Leave the pictures out and return every line below exactly.

== DATA PROVIDED ==

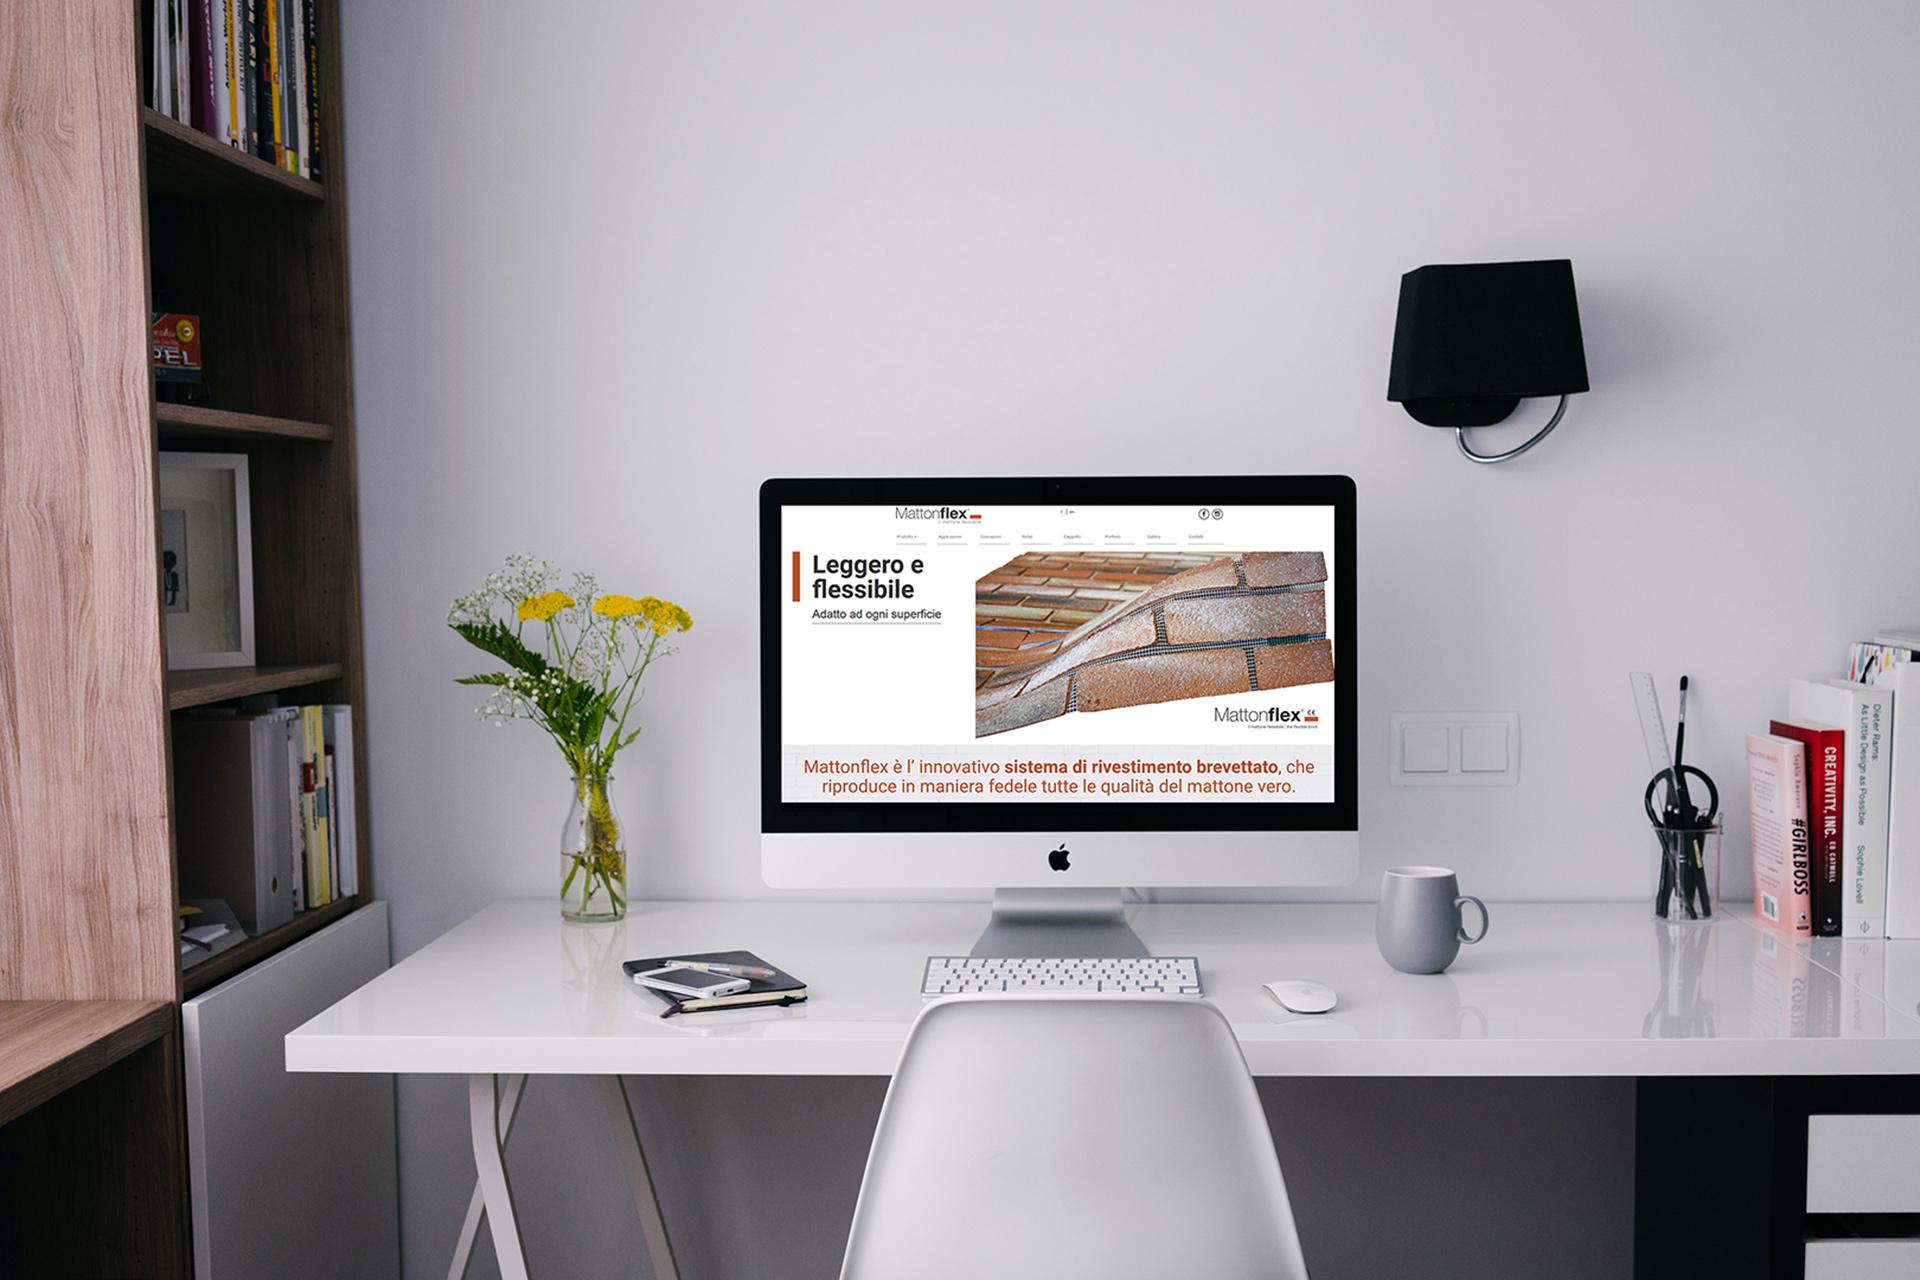 mattonflex il mattone flessibile desktop
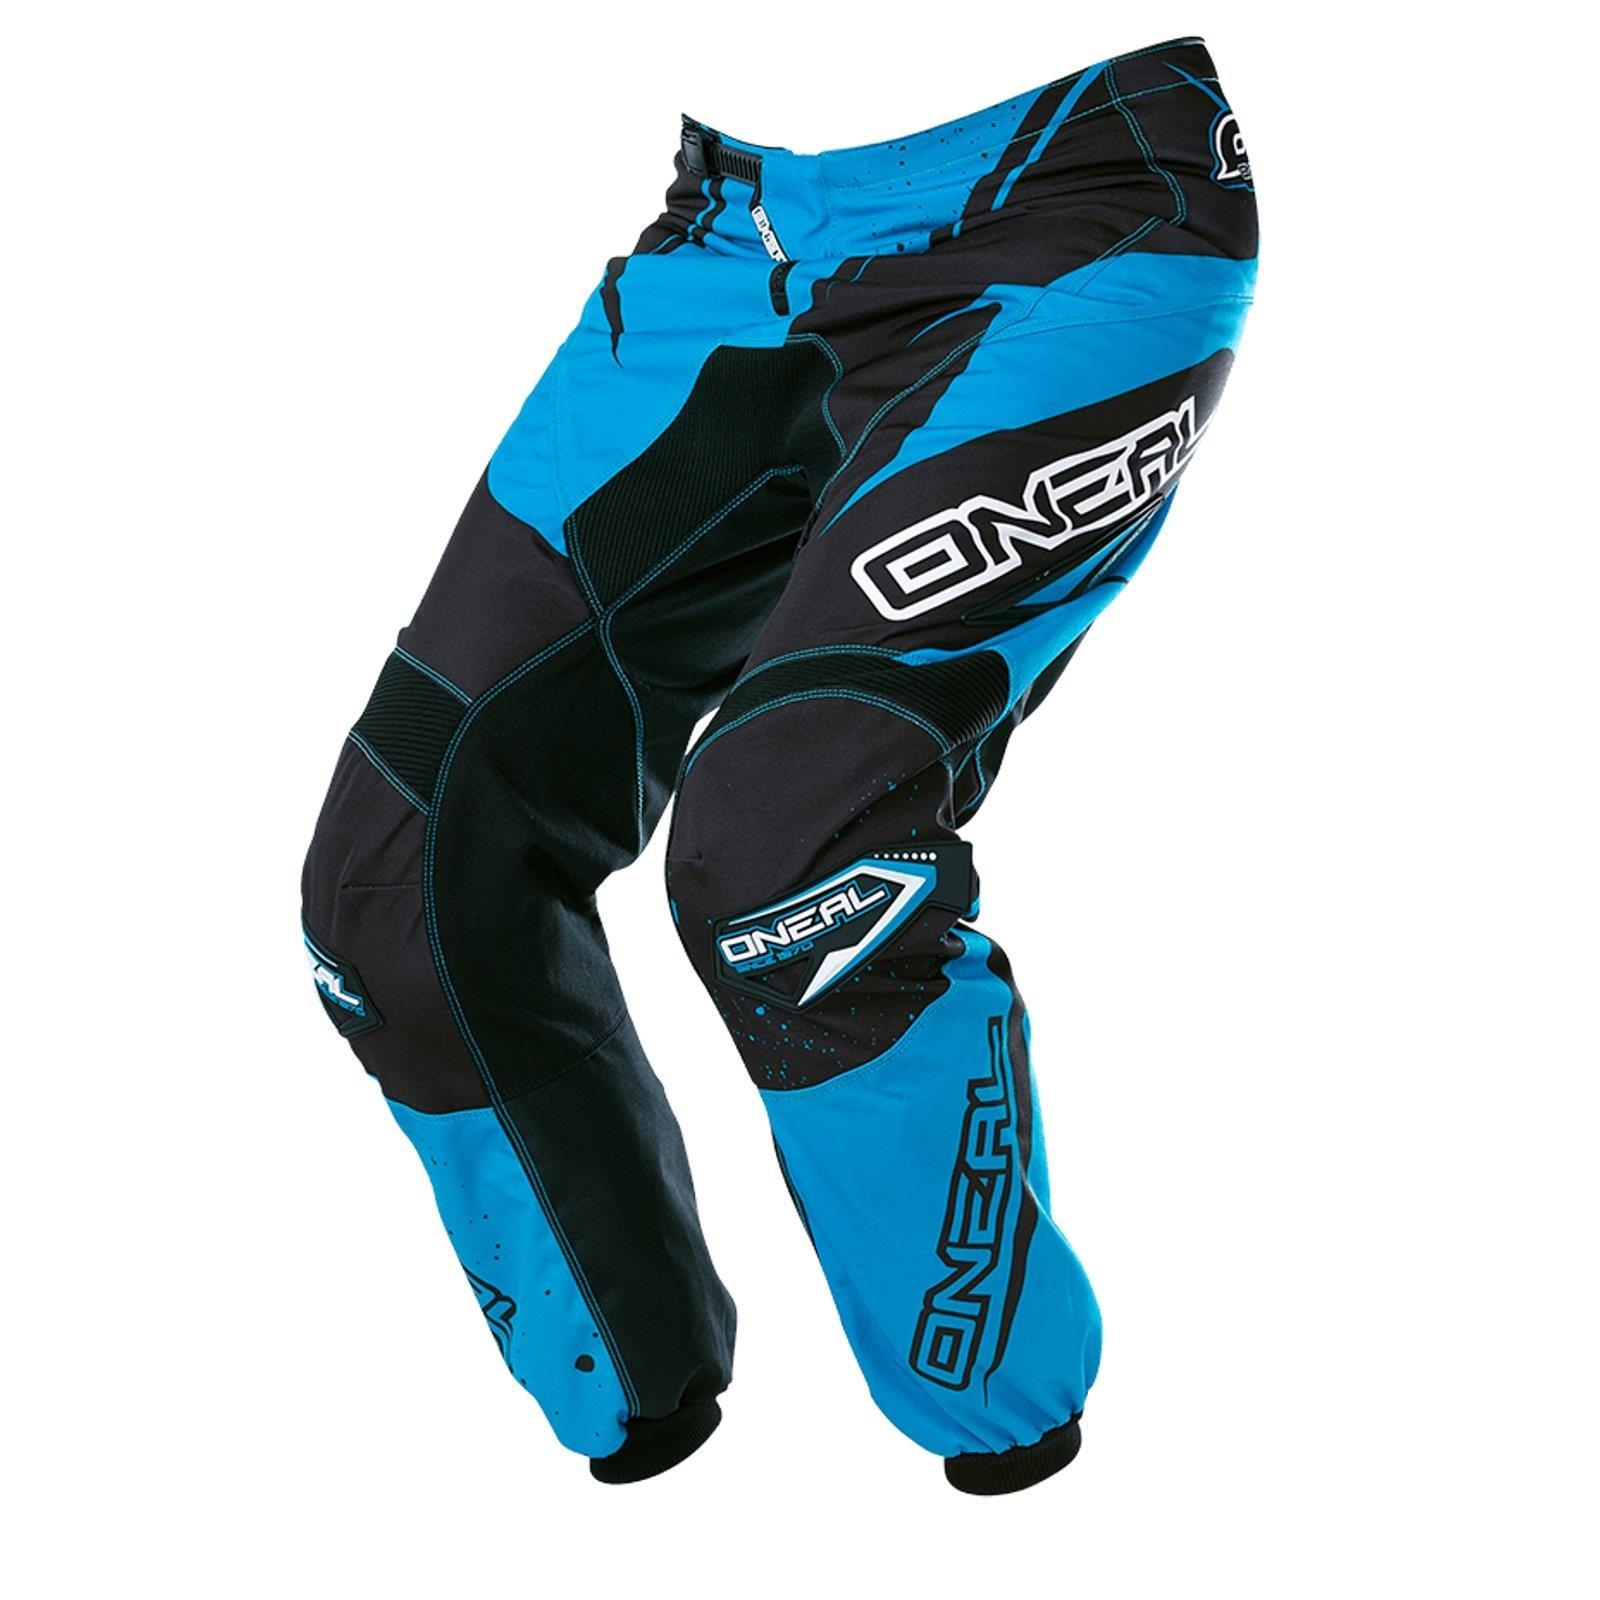 O-039-Neal-Element-MX-Pantaloni-Racewear-Pant-moto-cross-SX-Enduro-Fuoristrada-Moto-Quad miniatura 2
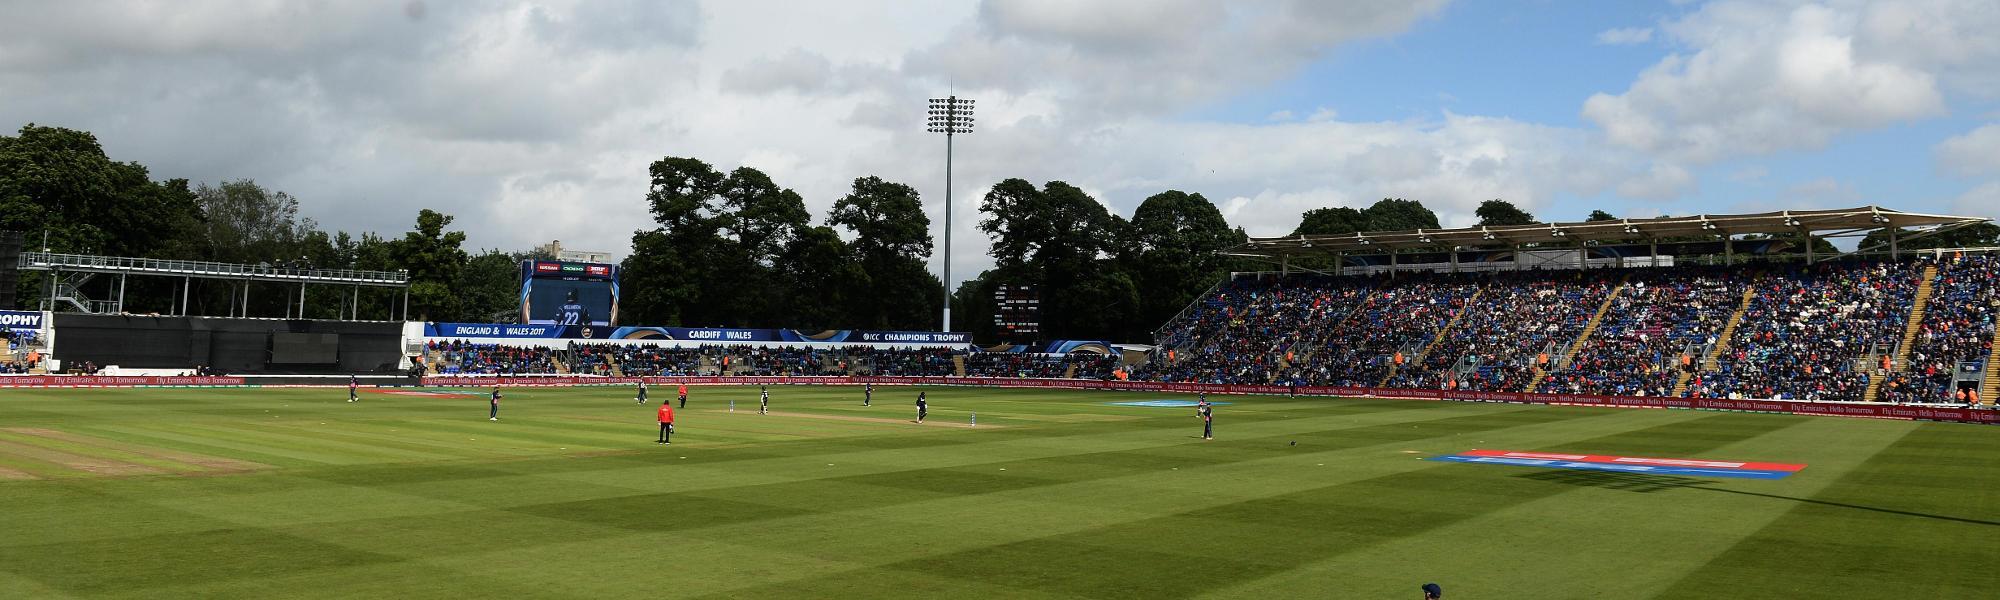 Cardiff Wales Stadium.jpg

===

SOLVED PROBLEM —
 mattonflex il mattone flessibile desktop
 O-039-Neal-Element-MX-Pantaloni-Racewear-Pant-moto-cross-SX-Enduro-Fuoristrada-Moto-Quad miniatura 2
 Cardiff Wales Stadium.jpg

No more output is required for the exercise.